**DATASET EXCERPT:**

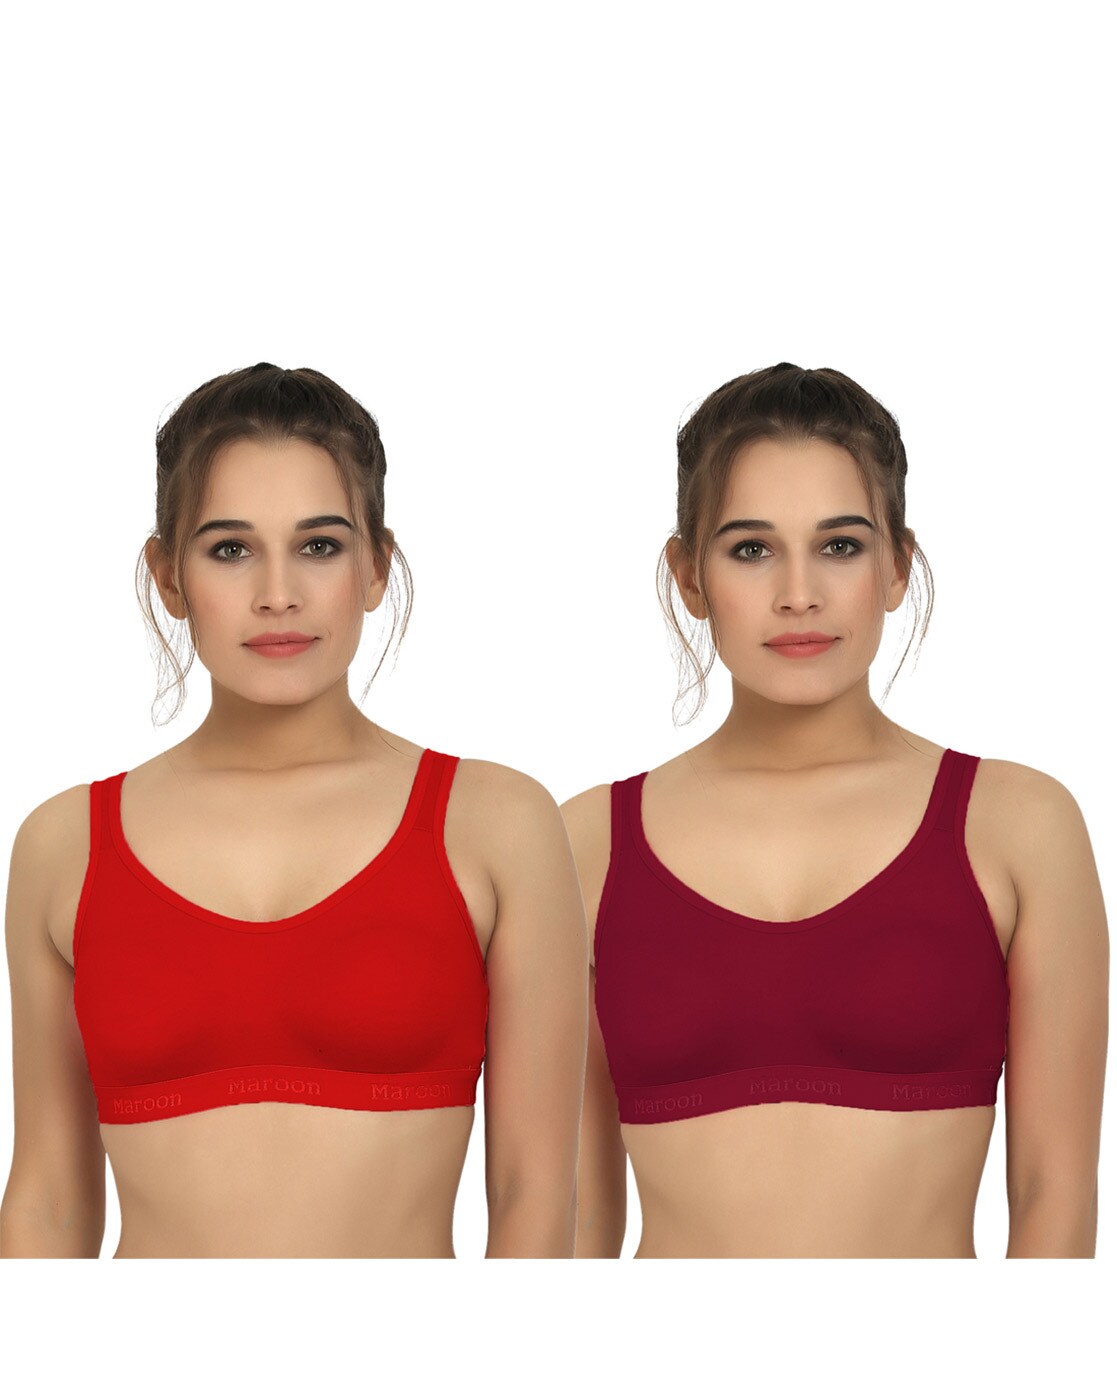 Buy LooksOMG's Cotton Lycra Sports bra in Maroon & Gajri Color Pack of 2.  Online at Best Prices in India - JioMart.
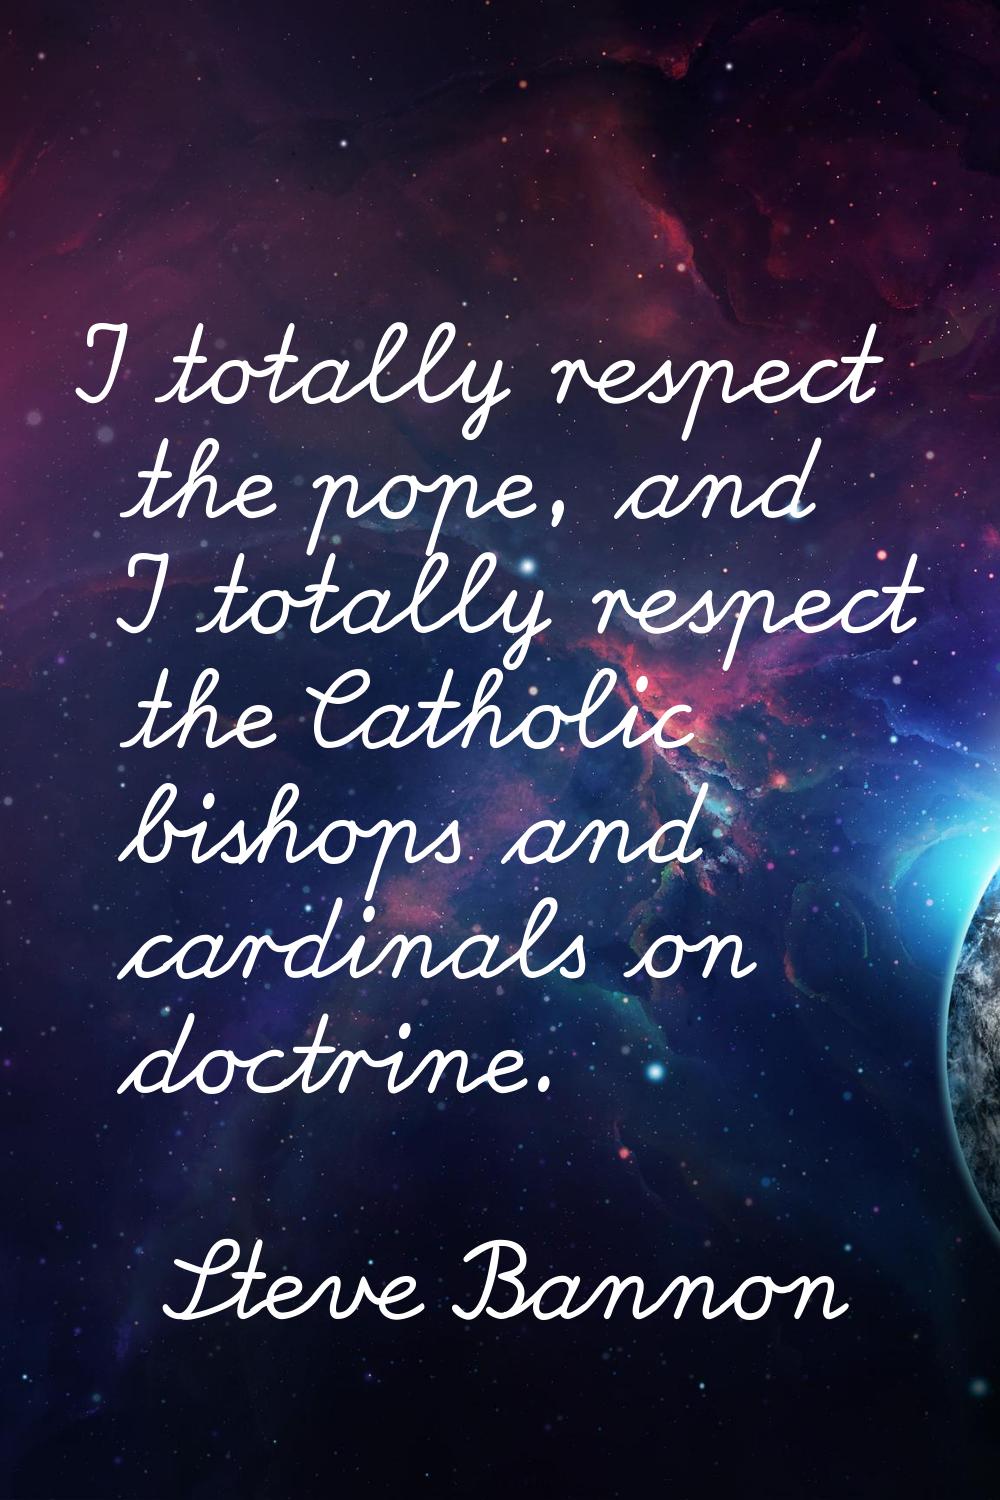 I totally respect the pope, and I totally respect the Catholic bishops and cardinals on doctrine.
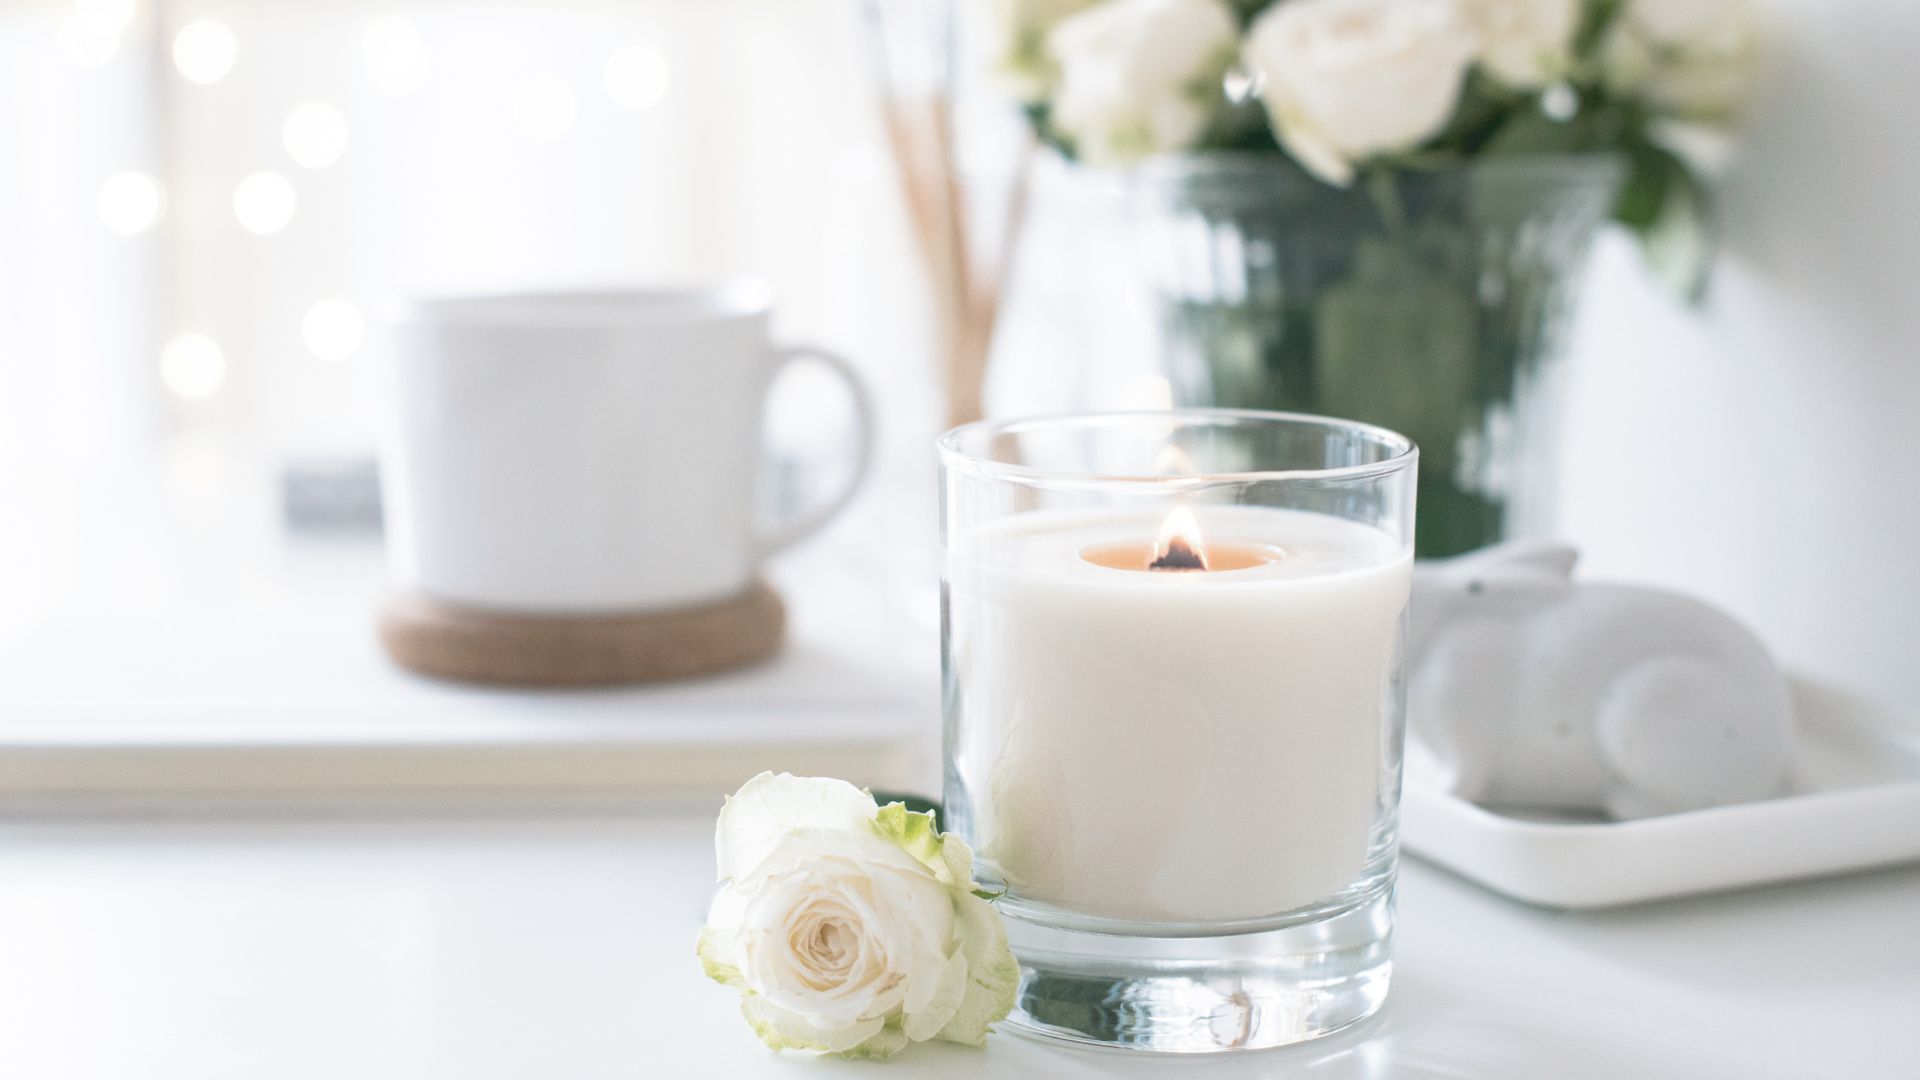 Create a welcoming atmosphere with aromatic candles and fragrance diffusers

**WORK REQUEST:** Your answer must be only the lines from the one that holds "I totally respect the pope, and" to the end of the listing, each restated word for word, with both ends kept and pictures left out.

**FINAL ANSWER:**
 I totally respect the pope, and I totally respect the Catholic bishops and cardinals on doctrine.
 Create a welcoming atmosphere with aromatic candles and fragrance diffusers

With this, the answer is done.